Letztere waren entscheidend: Mütter, die schon zu Beginn der Great Recession arbeitslos waren, änderten das Verhalten gegenüber ihren Kindern nicht. Aber von denjenigen, die nun etwas zu fürchten hatten, tat es die Hälfte, sie wurde gröber, psychisch wie physisch. Und die andere Hälfte? Sie agierte weiter wie zuvor, zwei Typen von Müttern kristallisierten sich heraus. Sie unterschieden sich nicht durch ihre soziale Lage, Bildung etc. – die Forscher überprüften alles –, sie unterschieden sich im Speichel bzw. einem Gen darin. Es ist zuständig für einen Rezeptor für den Neurotransmitter Dopamin – er regelt Reaktionen auf bedrohliche/lockende Umwelten –, er kommt in zwei Varianten vor, die sich in einer Punktmutation unterscheiden.

Die eine, die „sensible Variante“, setzt die Sorgen um die Zukunft in Grobheit gegen Kinder um, und sie bewirkt auch Entspannung, wenn die große Lage sich entspannt, allerdings ist der Pendelschlag nach unten stärker. Die andere lässt nichts durchschlagen und schlägt nichts durch, wer vorher geschlagen hat – 31 Prozent –, schlägt weiter, und wer es vorher nicht getan hat, tat es auch in der Krise nicht (Pnas, 5. 8.). „Das ist ein starker Beleg dafür, dass ein Wandel der makroökonomischen Bedingungen und nicht jener der aktuellen Lage das Erziehungsverhalten beeinflusst“, schließen die Forscher und zitieren einen, der das in der Great Depression schon geahnt hat, den US-Präsidenten Franklin Delano Roosevelt: „Das Einzige, was wir fürchten müssen, ist die Furcht selbst.“

Aber nicht jede(r) muss sie gleich fürchten, der Befund stützt auch die Hypothese von den Orchideen und vom Löwenzahn. Ihr zufolge reagieren Träger bestimmter Genvarianten stark auf die Umwelt – Orchideen sind sensibel –, während andere immer und überall gedeihen, so wie der Löwenzahn. Alles allerdings hält auch er nicht aus. Und was wird aus Kindern, wenn die Krise wirklich hart kommt, wenn es nichts mehr zu essen gibt? Dem ist eine Gruppe um Adam Hayward (Sheffield) nachgegangen, ihr ging es um die langfristigen Gesundheitsfolgen frühen Mangels.

Bereitet früher Hunger auf Not vor?

Bei diesen konkurrieren zwei Hypothesen, die eine setzt auf „Predicitve Adaptive Response“ (PAD) und darauf, dass mit späteren Notzeiten besser fertig wird, wer früh eine erfahren musste. Die andere hingegen sieht Menschen besser vorbereitet, die früh wohl versorgt waren, mit einem „silver spoon“. Sie hat recht, das zeigt Hayward an Daten aus Finnland: Dort herrschte 1866–68 eine Hungersnot, während der viele starben, es ist in Sterberegistern und Kirchenbüchern verzeichnet. Aus ihnen kann man auch die Lebensgeschichten bzw. die Bedingungen rekonstruieren, unter denen die Verhungerten aufgewachsen waren (Pnas, 5.8.): Die in der Kindheit Mangel hatten, litten am ärgsten.

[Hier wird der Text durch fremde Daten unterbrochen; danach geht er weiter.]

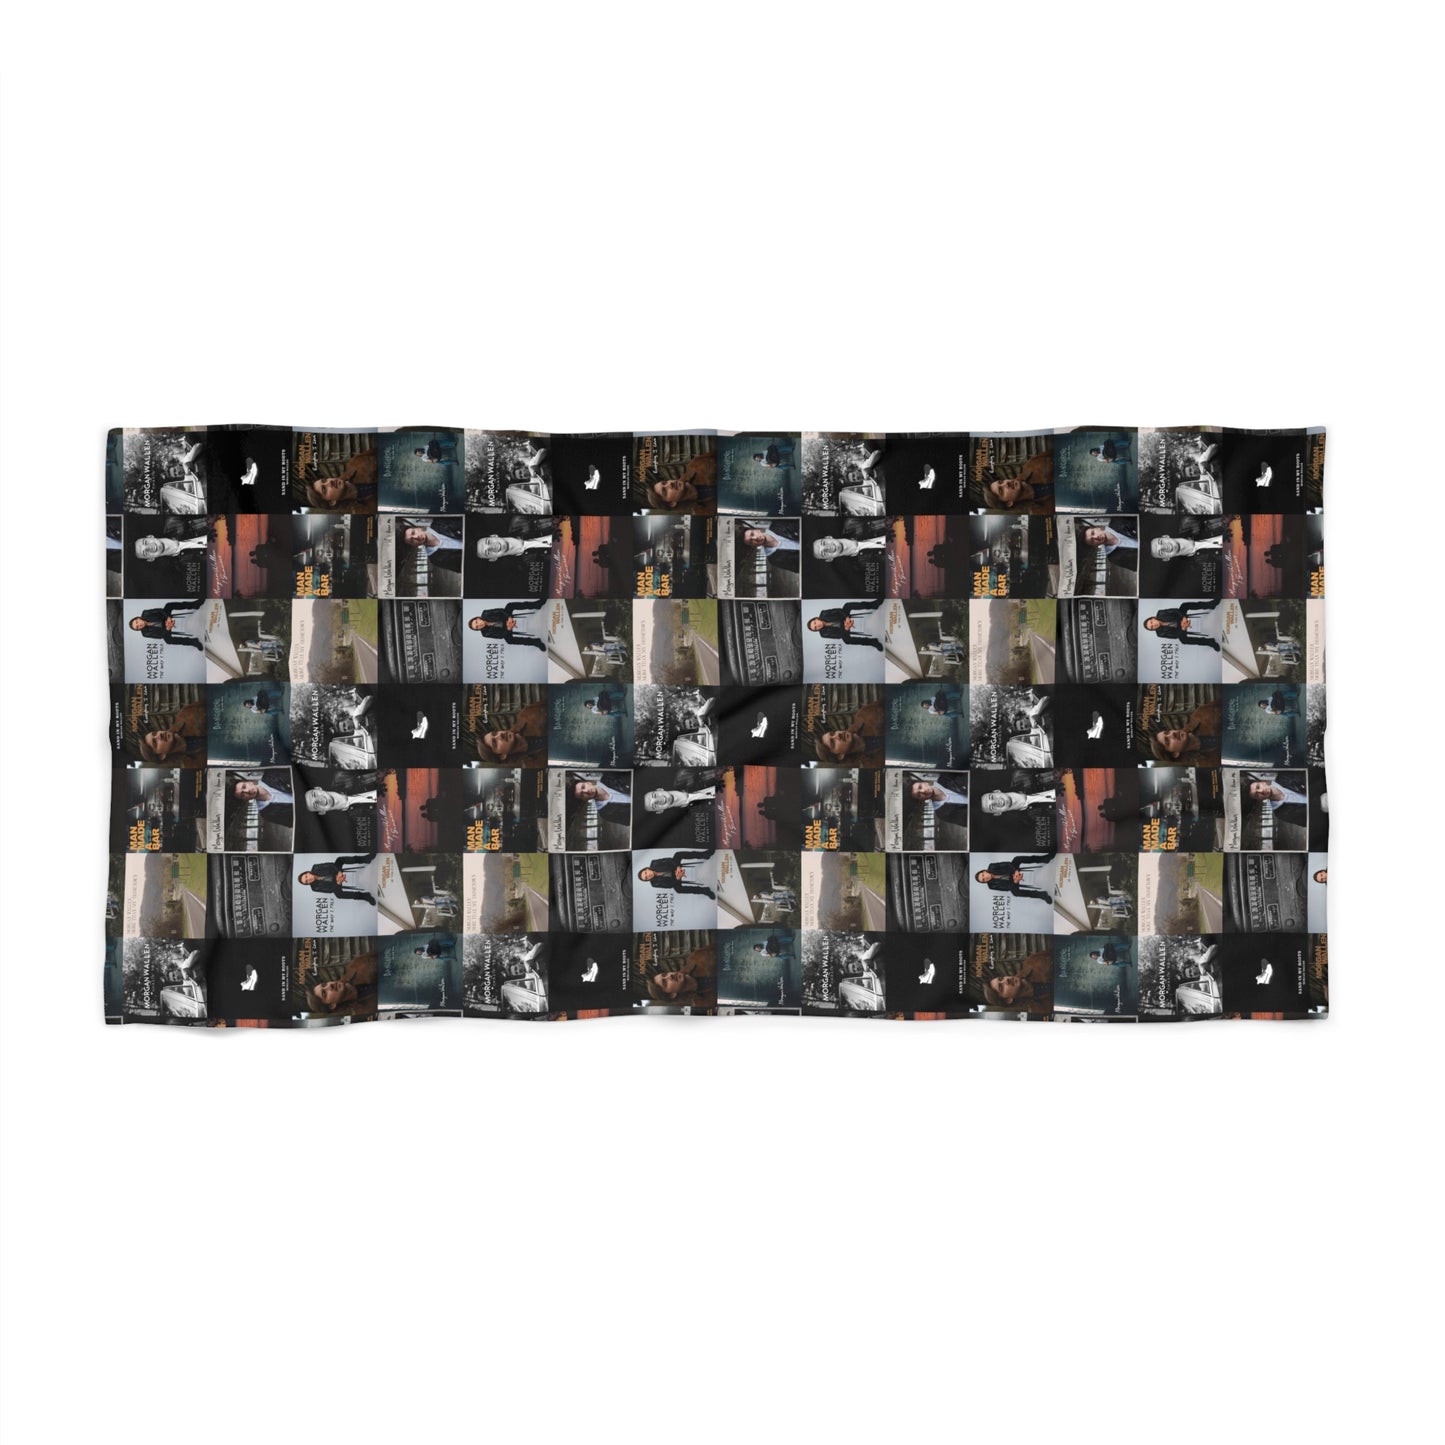 Morgan Wallen Album Cover Collage Beach Towel

Der Befund hat eine weit reichende Konsequenz: Bisher setzten viele auf PAD und darauf, dass Leiden wie Diabetes sich dann ausbreiten, wenn Menschen, die früh Mangel hatten und sich darauf einstellten, plötzlich in guter Versorgung leben. Darauf deuteten bisher auch viele Studien, aber sie müssen nun überdacht werden.